104-贈り物
生産ギルドで奥義を習得した私は武器を売ったお金で豪華な昼食を済ませた。それから魔法ギルドに行き奥義試験を受けた。試験はギルドマスターに増強魔法Lv9の鬼人化をかけるだけで終わってしまい無事に奥義を習得した。しかしこの奥義[信頼譲渡]は私が使うとものすごい危険なので使わないほうが良さそうだ。

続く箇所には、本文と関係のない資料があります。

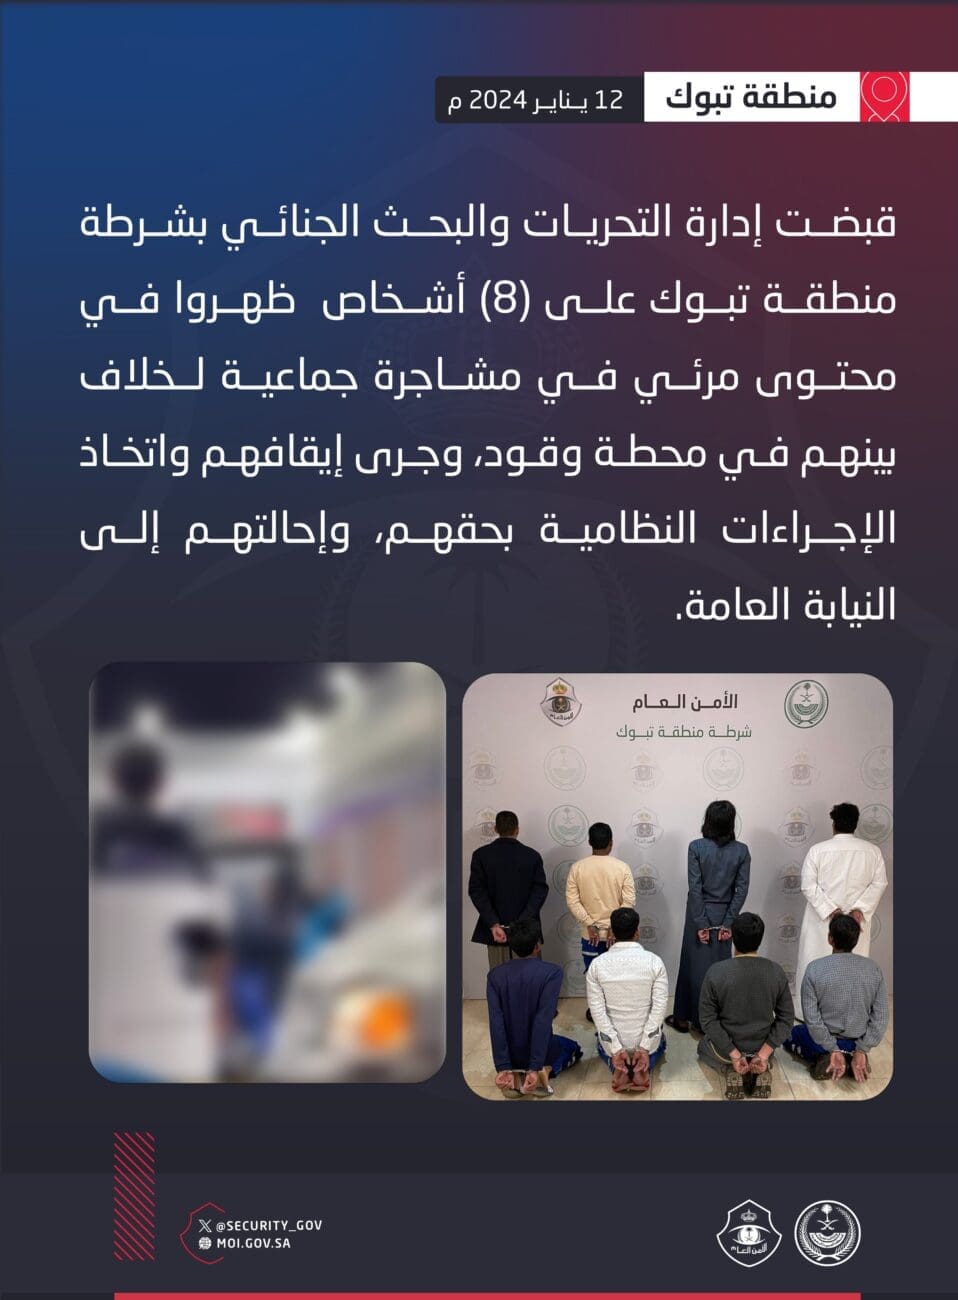 صورة توضح منشور الأمن العام بإلقاء القبض على 8 أشخاص - مصدر الصورة صفحة الأمن العام عبر منصة إكس 
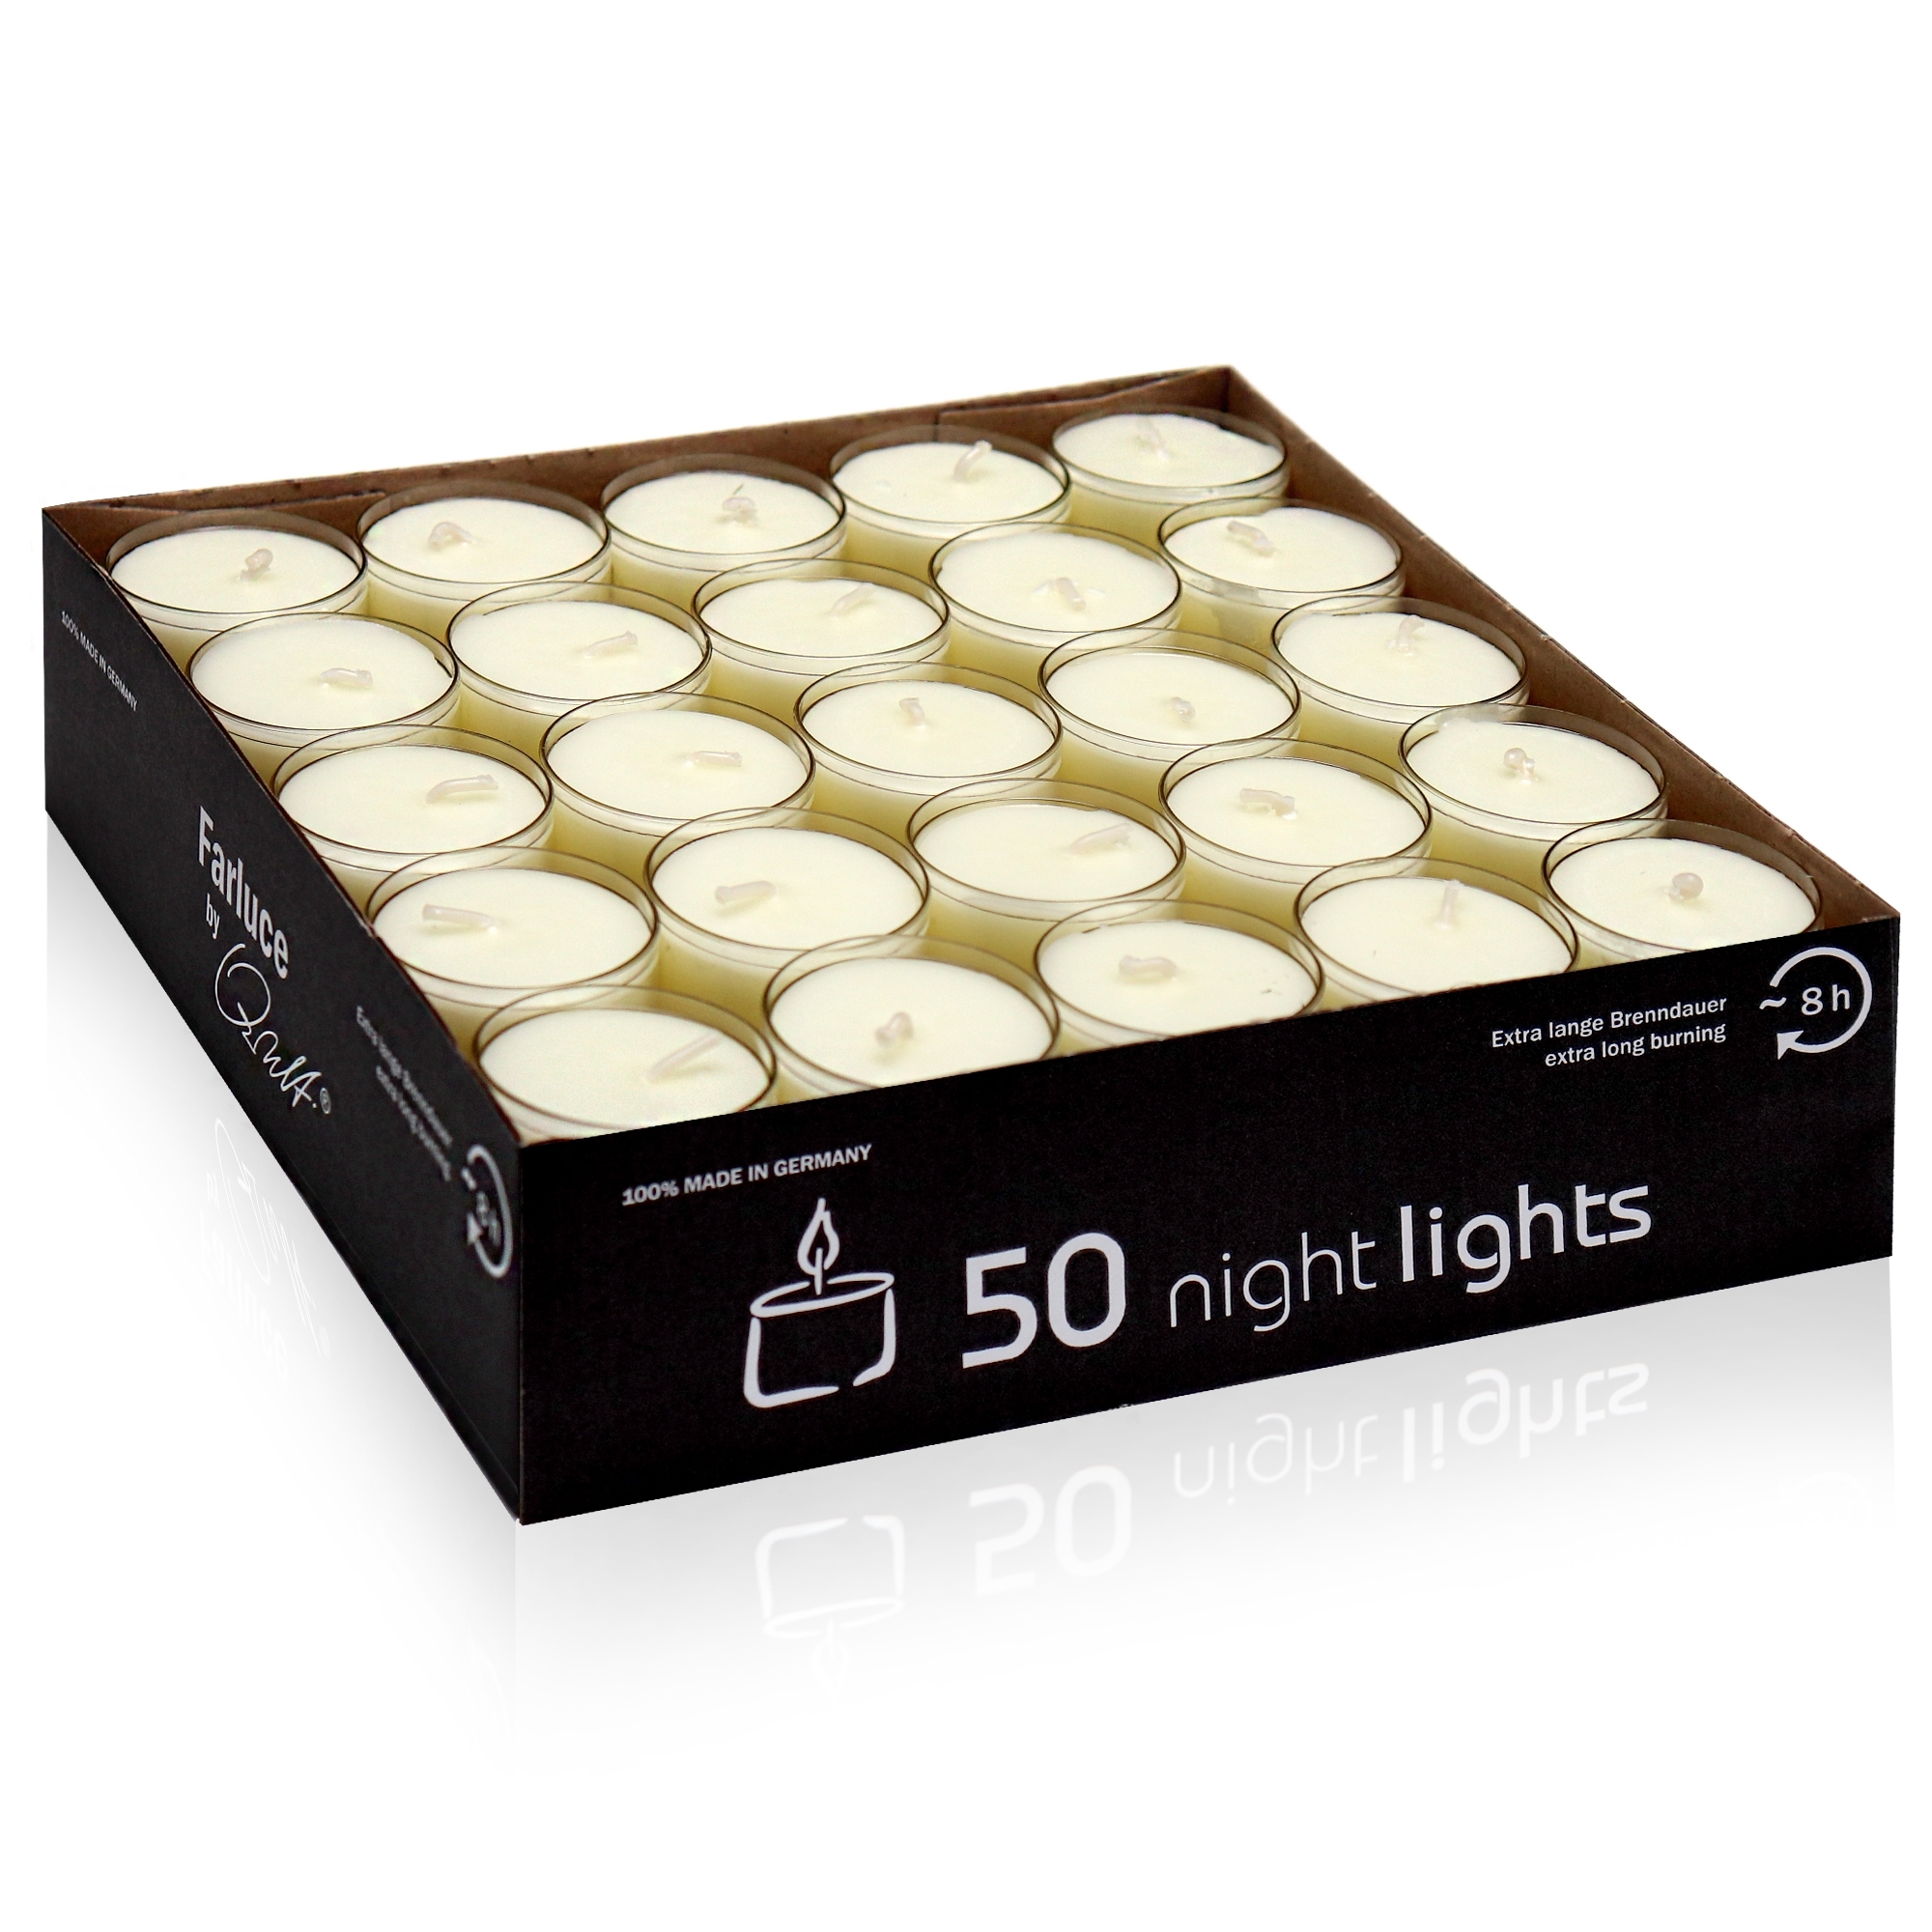 Qult Farluce Nightlights - 50 tealights  - Ø 38 x 25 mm

私はとりあえず魔法露天を出しながら、レンさんへの贈り物を考えることにした。すぐに移動してエードの転移門広場にいたアリッサと合流した。広場で露天を開いている彼女の隣には、また新しい召喚生物がいた。タテガミの部分や肩口に炎が揺らめいていて、体には鱗がある馬がいる。いやどちらかと言うと馬の形をした龍と言った方がしっくり来る。あれは召喚Lv9の[
「お帰りマルレ試験どうだった?」
「楽勝でしたわ」
「そうだよねなんか拍子抜けって感じするよね」
「そうですわね、ゲーム通りなら魔力調和なんかステータスを見られるだけよ。でも召喚は厳しいので私も一緒に行きますわ」
「見られるだけって……やっぱりLv8、9が魔力増加だからしょうが無いかもね。でも召喚は厳しいんだ~楽しみだな~」
「初PTになるわね!」
「お~!ますます楽しみ!」
さて、そろそろレンさんへの贈り物を考えましょうか!彼は武器も防具もいらなそうですよね?でも素手戦闘なら手甲が使えそうだけど……。普通のものじゃ魔法を妨害しそうよね。そうなるとクロービとレイクランドの技術を組み合わせるべきかな?
とりあえず私は魔法と相性の良さそうなミスリルで手甲を作った。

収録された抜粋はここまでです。